◆ WORK ORDER: The reply should consist solely of the lines from the one with "Sree Rengam Renovation Part 1" through the final line of the listing, copied exactly, with no pictures.

◆ DATA SEGMENT:
=== Begin Enclosure ===

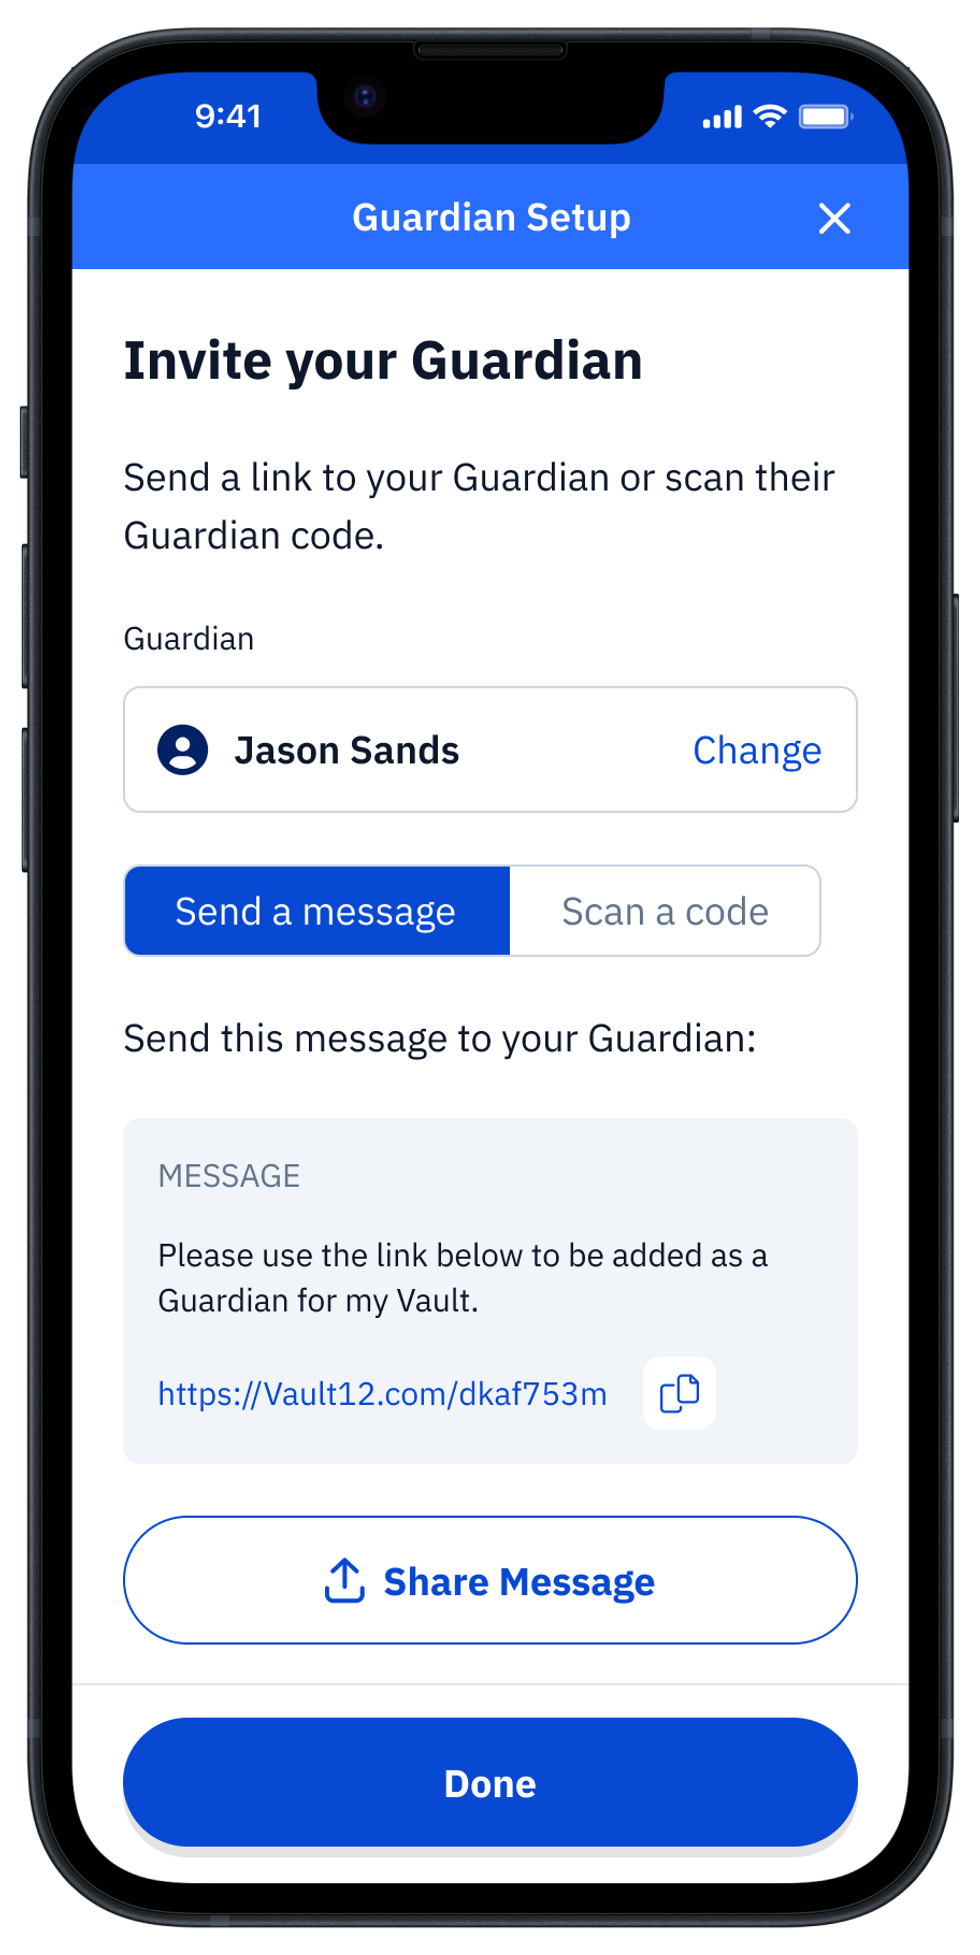 Guard app "Invite your Guardian" by sending a message
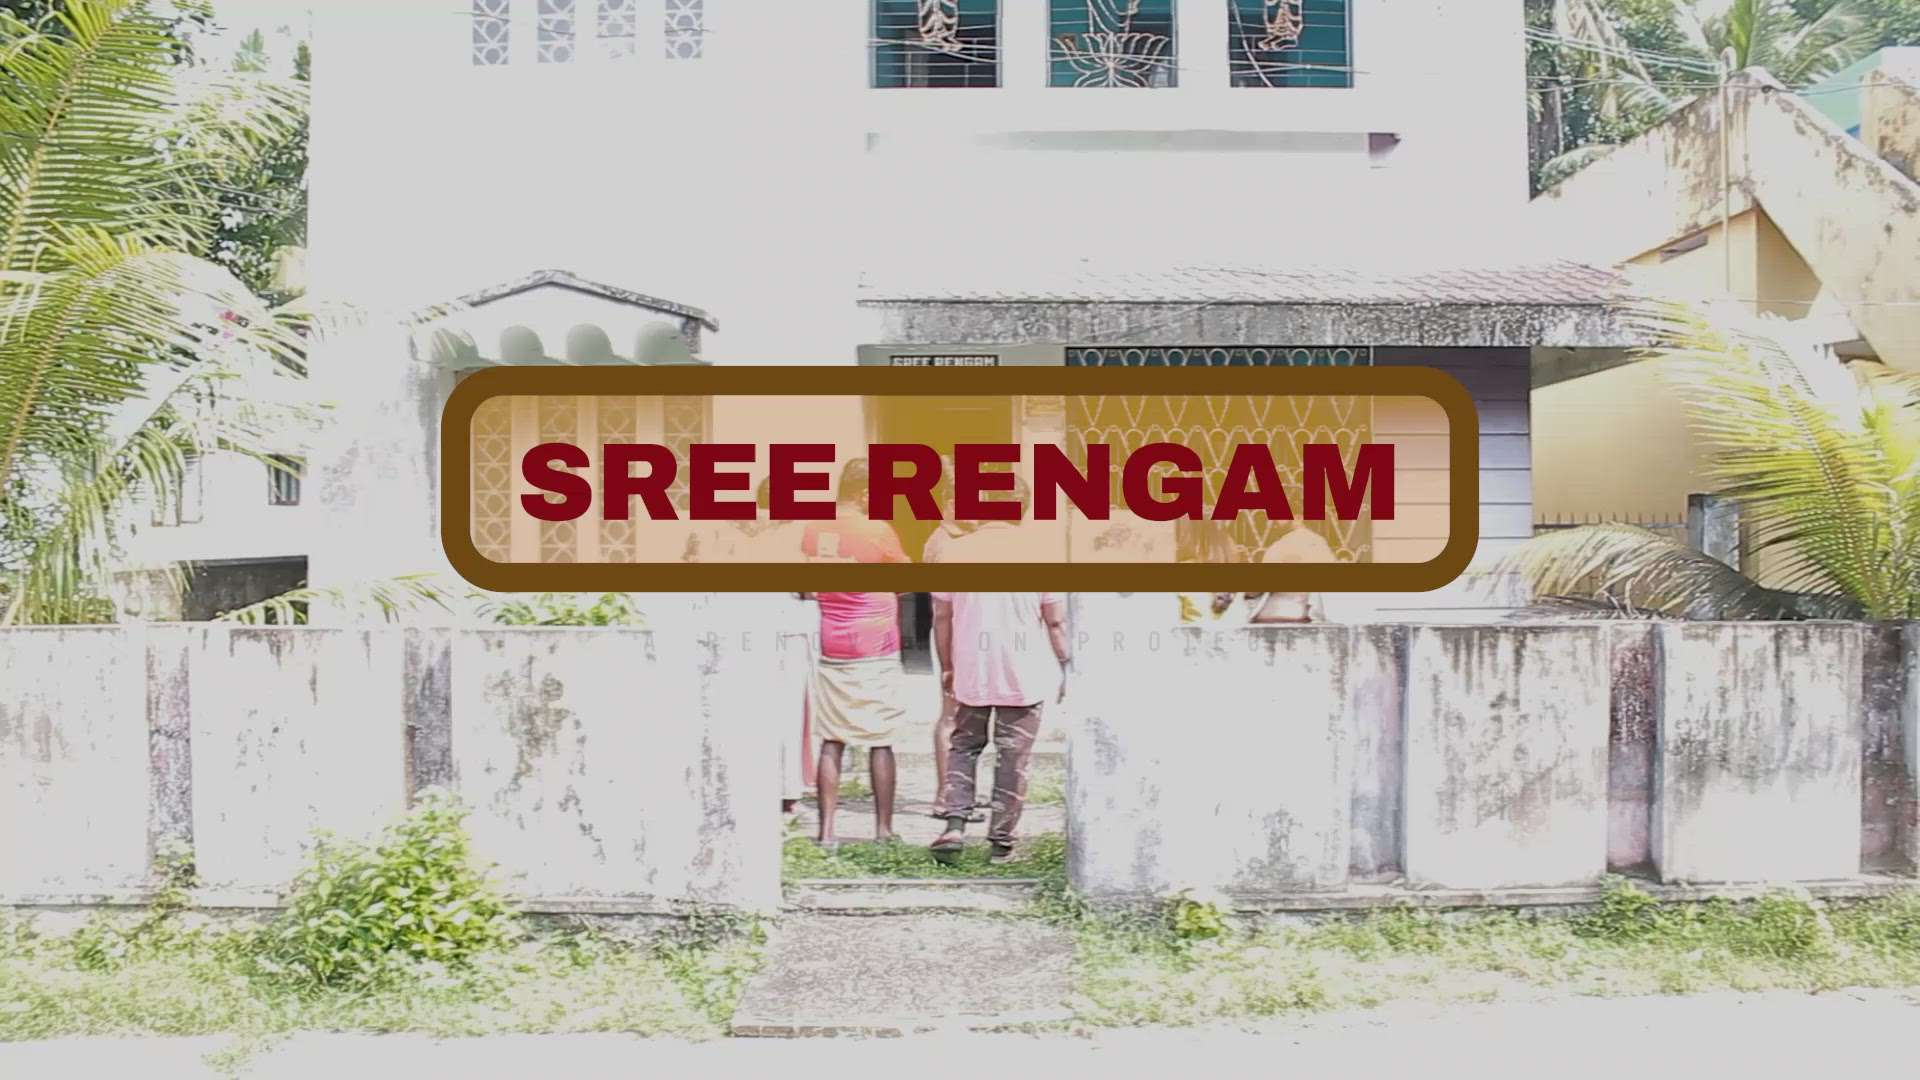 Sree Rengam Renovation Part 1

Contact us at +918055234222 for 3d designing, interior and exterior modelling and designing and construction works. 

 #HouseRenovation  #constructionsite  #constructioncompany  #ivoeryhomes  #ivoeryhomesanddevelopers

=== End Enclosure ===

◆ EXERCISE RESULT:
 Sree Rengam Renovation Part 1

Contact us at +918055234222 for 3d designing, interior and exterior modelling and designing and construction works. 

 #HouseRenovation  #constructionsite  #constructioncompany  #ivoeryhomes  #ivoeryhomesanddevelopers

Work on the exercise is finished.